Stephen Slivinski is a senior fellow at the Cato Institute.
Earlier this year, the Palisade and Eaton wildfires near Los Angeles were fought by an army of over 4,000 California state firefighters, alongside thousands of other support personnel. Within that number were more than 780 inmates from state prisons enrolled in the state’s “fire camp” program, which has been operational since World War II.
This program provides essential assistance to frontline wildfire containment efforts, as well as providing valuable training to inmates looking for skills — including first aid — they can use to help find work after finishing their sentences.
But those released from California prisons would, for many years, run into one of several brick walls. Some couldn’t be hired as a firefighter at municipal-level firehouses because of their prison records. Others might have qualified for firefighter certification but couldn’t obtain an EMT license, a requirement for many firefighter jobs. State laws required the rejection of applicants who served prison time for a felony anytime in the prior 10 years even if they had already completed their sentences, hadn’t reoffended and had already completed the rigorous training — funded by California taxpayers — to become firefighters. These licensing prohibitions even applied to some nonviolent drug misdemeanors.
Reforms enacted in the state have begun to change that. Graduates of the fire training program can now be considered for an expungement of their criminal record, obviating many of the barriers. The process was complicated and lengthy, but a new law enacted in October places those graduates in that expungement pipeline automatically and puts the process on a faster track.
Similar barriers still exist in other states. Florida laws allow for programs that “train and certify inmates as firefighters,” but automatically prohibits firefighter applicants who have committed a crime punishable by at least one year in prison. Montana’s prohibition applies to those “who have been convicted of a crime for which the applicant could have been imprisoned in a federal or state penitentiary,” despite the state’s use of inmates to fight wildfires. Denver decrees lifetime disqualification for any felony, preventing former inmate firefighters from being hired in the city.
Yet, when it comes to reintegrating into society, acquiring and maintaining employment is critical. The Justice Department’s Bureau of Justice Statistics estimates that about 66 percent of those released are rearrested within three years, and 82 percent are rearrested within 10 years. One of the strongest predictors of whether someone will avoid reoffending or not is if they have obtained gainful employment. And one of the most prominent barriers to getting a job is state occupational licensing laws.
These laws require a government-granted permission slip to work in occupations, a license that can require thousands of hours of training and several years to obtain. The economic harm these laws do is well-documented and the policy consensus spans both sides of the political spectrum.
Reoffending largely occurs within three years of release. Opening doors to the labor market as quickly as possible is crucial. But significant barriers to employment remain for ex-inmates even after they finish their prison sentence.

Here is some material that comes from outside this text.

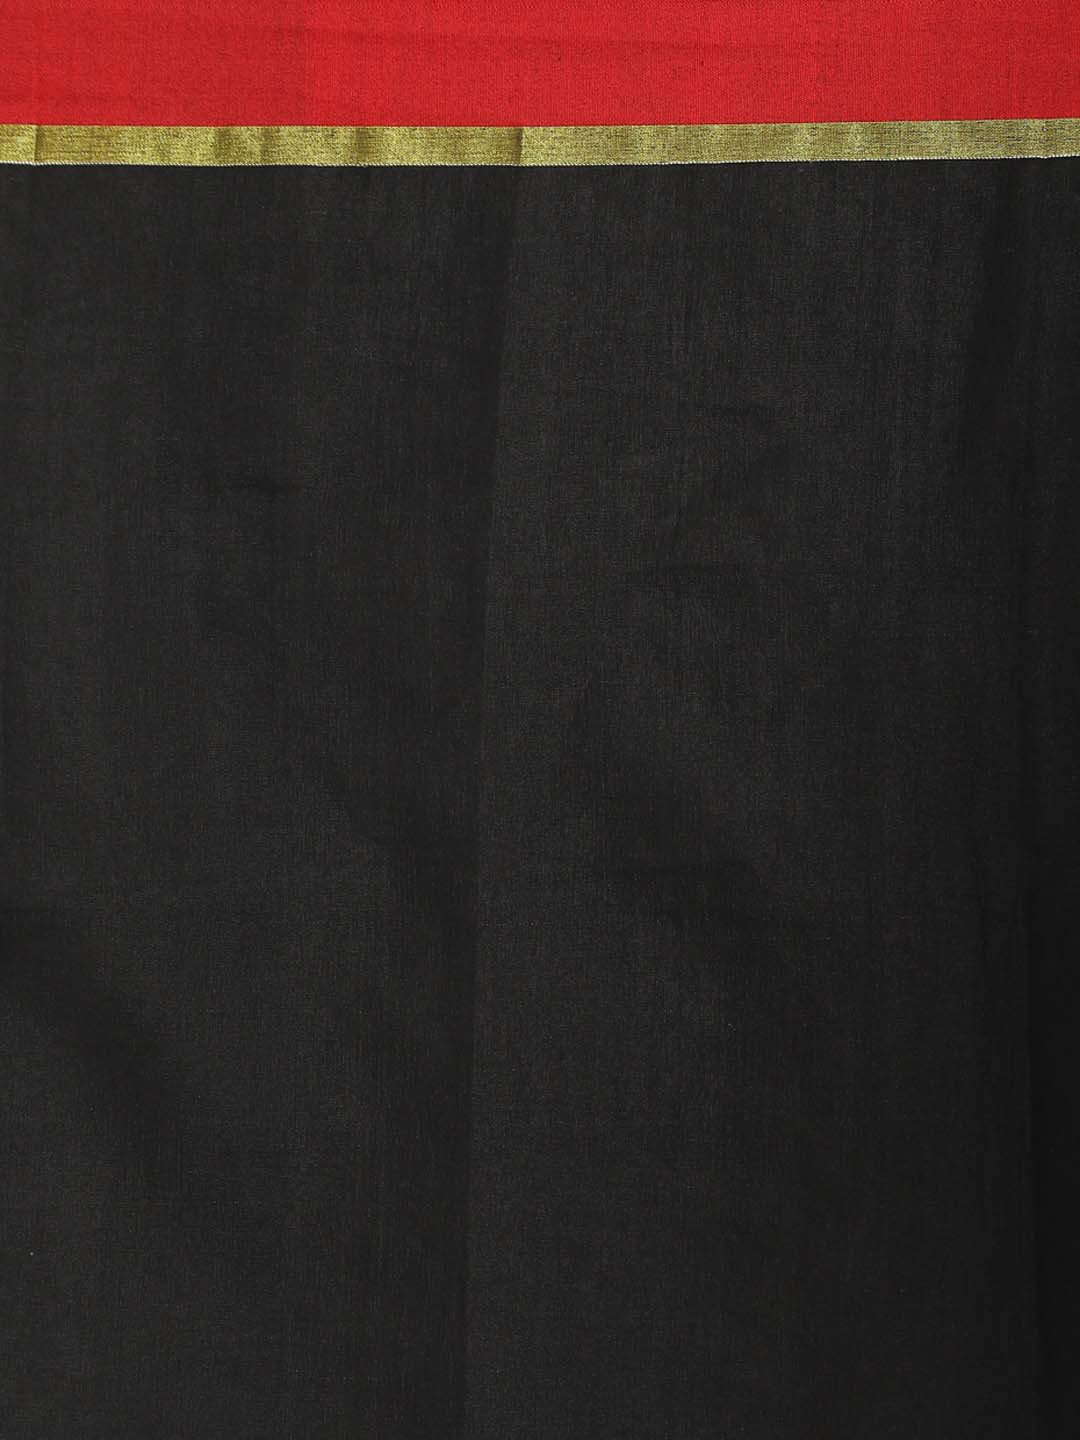 Indethnic Grey Bengal Handloom Cotton Blend Work Saree - Saree Detail View
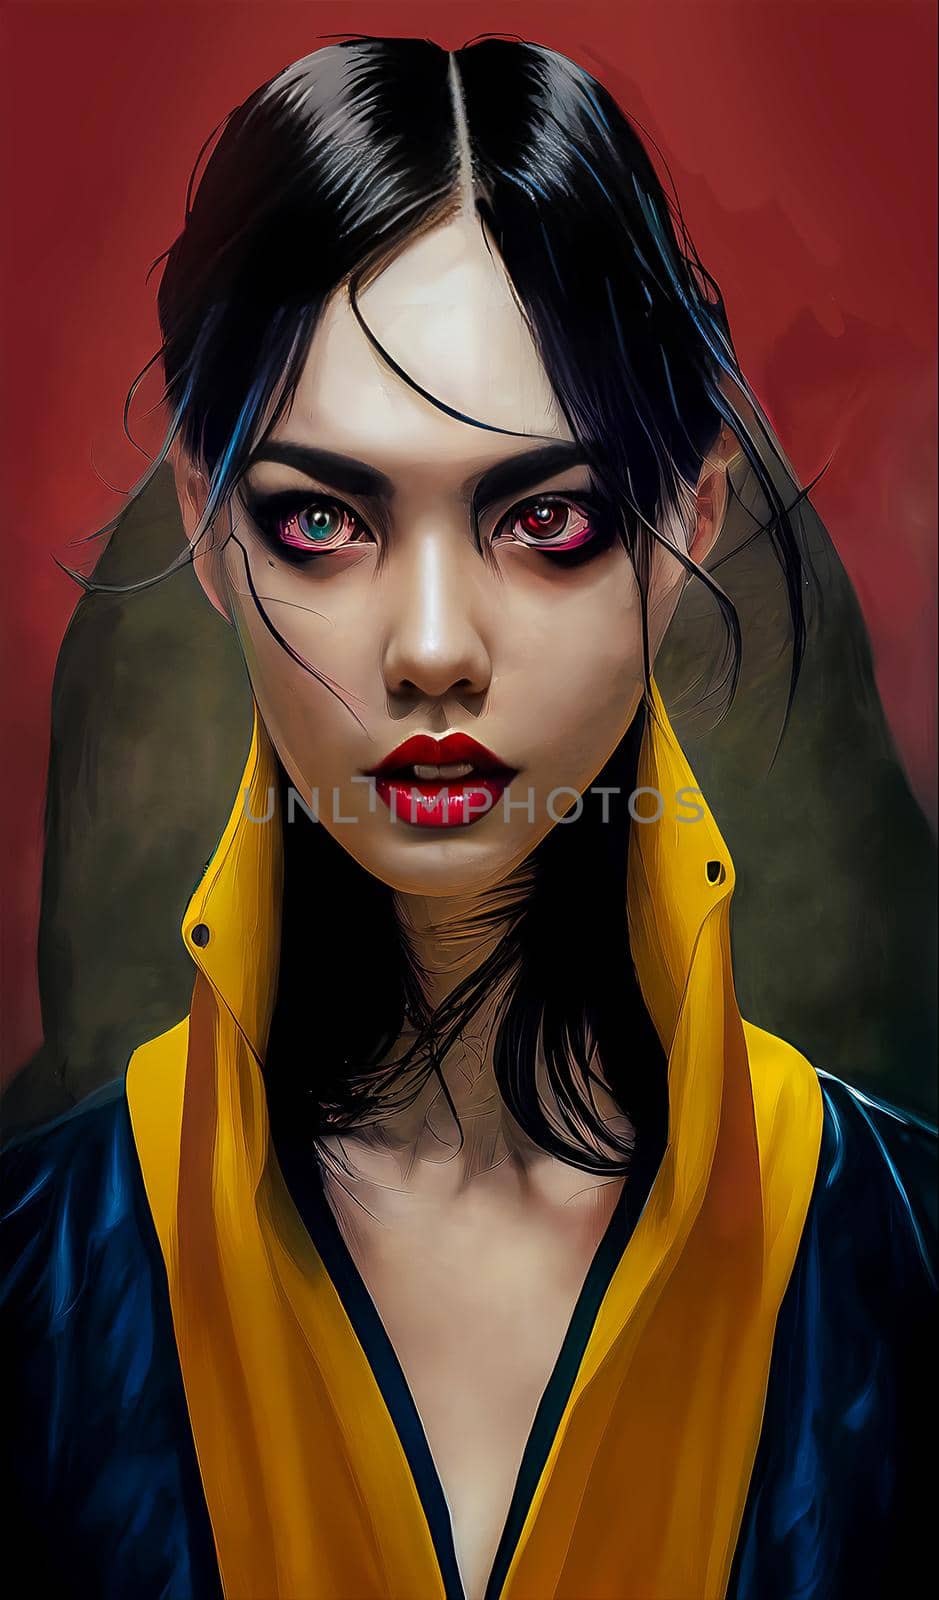 Scary fashion model illustration. Brunette girl in jacket. Digital illustration by vmalafeevskiy

A number of states have maintained “good character” provisions for years in their licensing laws. Boards in five states can disqualify applicants based on a felony, even if it’s unrelated to their field. Boards in 30 states can deny licenses based on an arrest that did not lead to a conviction. These laws allow licensing boards to decide for themselves how heavily to weigh a criminal record but provide little guidance and allow the board to interpret their power very broadly.
All of these barriers apply to a wide swath of job types, not just firefighters. So perhaps it’s not surprising that, in analyses over the past decade, researchers find substantial increases in recidivism rates within three years in states with the highest barriers to entry into the overall labor market when compared to states that have lower state-mandated licensing requirements and weaker “good character” laws.
The weight of the evidence on this issue has spurred many states to act. The Collateral Consequences Resource Center tracks these reforms. Some states, such as Arizona, have removed their “good character” language altogether. Others, such as Michigan, have put restrictions on character assessments.
The most straightforward reform would be to simply take the criminal history off the table except in cases where the committed crimes are substantially related to the occupational license being sought. Perhaps somebody with a felony DUI conviction should be prohibited from driving a school bus, but that’s not necessarily a reason they shouldn’t become a construction contractor.
The reforms of the past few years have been a good start, but more work remains. Roughly 70 million Americans have criminal records, and nearly one-third of the workforce is covered by laws that require “good character.”
Expanding fast-track automatic expungement is useful, and eliminating a licensing board’s power to hinge license applicant success on subjective character assessments is too. Even more broadly, the next frontier of licensing reforms should restrict the power of licensing boards to make arbitrary decisions, not just ones related to criminal records. All aspiring workers can benefit, but perhaps none more than those who most desperately need that open door.